Mikubill/naifu

Some questions.

IdiotSandwichTheThird opened this issue · 2 comments

Looking at this project a few questions come to my mind that are unanswered in the readme.

  1. Does this allow to use >75 tokens as text input, or is the text/tags truncated after 75?
  2. How does limit_train_batches work? Are the images chosen at random? Do I have to change the value if the dataset is >100 images?
  3. Are input images resized automatically for the buckets, or is some pre-processing necessary? (Looking at the test datasets for example I see all images appear to be 1:1 aspect ratio, is this required?)

75 tokens as text input

This feature has been implemented in recent commits. Specify max_length in config.dataset to make your own or follow the default 225 tokens limit.

How does limit_train_batches work,

trainer.limit_train_batches will directly pass to pl.Trainer and limit the batches used in a single epoch...(maybe we should set this value in default to 1.0? As for the images, every epoch arb will shuffle and generate a new list of image batches.

images resized automatically for the buckets...
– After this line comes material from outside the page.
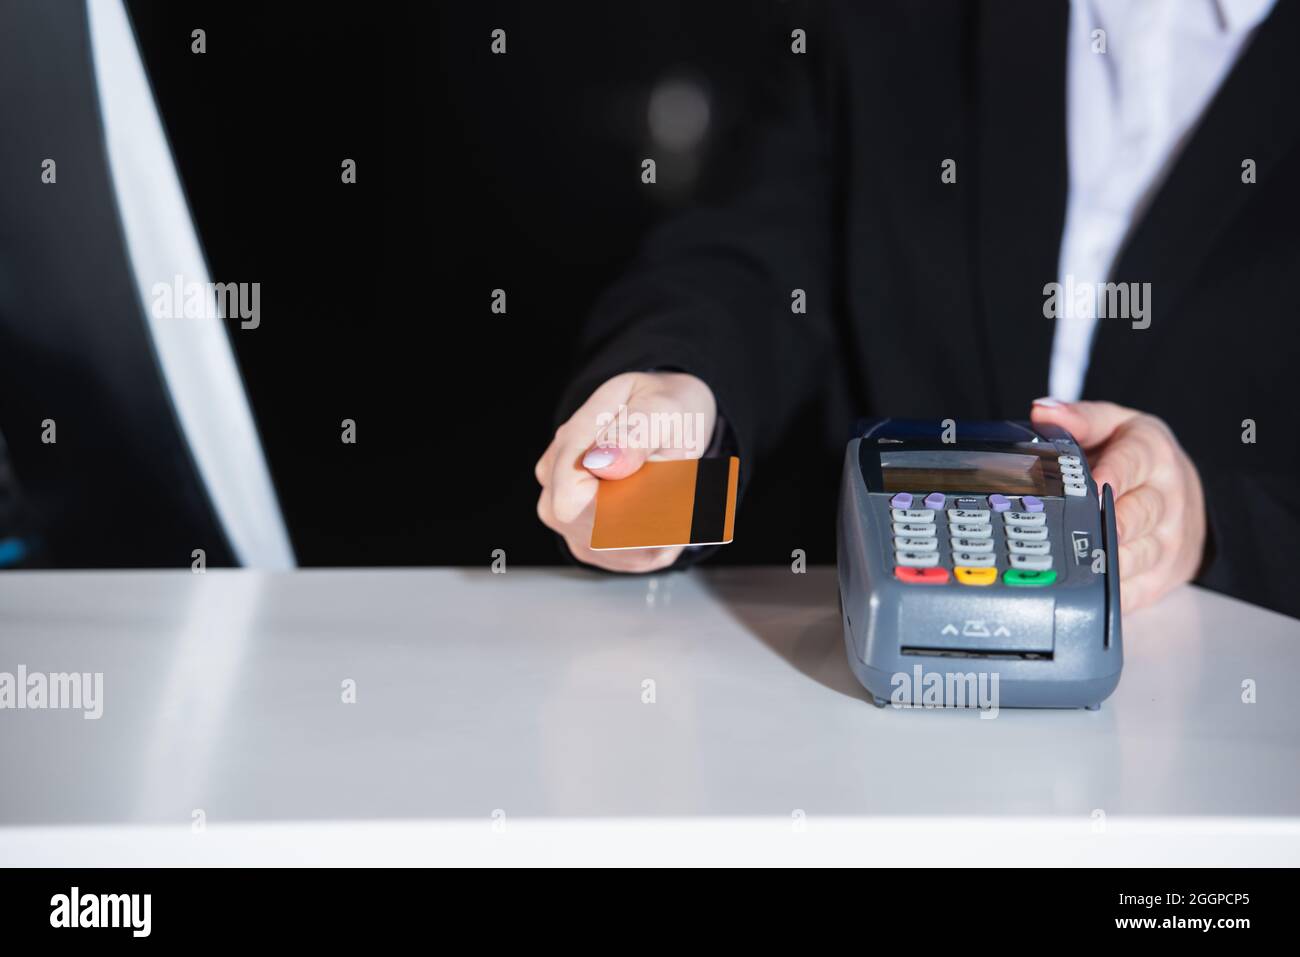 Beschnittene Ansicht des Administrators, der die Kreditkarte in der Nähe des Zahlungsterminals im Hotel hält Stockfoto

Input images will be resized and cropped(a little) by arb, if needed u can enable arb.debug and dataset.debug_arb to view those cropped images. well it'is handy but do some augmentation in advance will make things better obviously

Nice! Thank you for your work. I saw some issues sometime with it running out of vram when using >100 limit_train_batches, though after switching to xformers it doesn't happen anymore.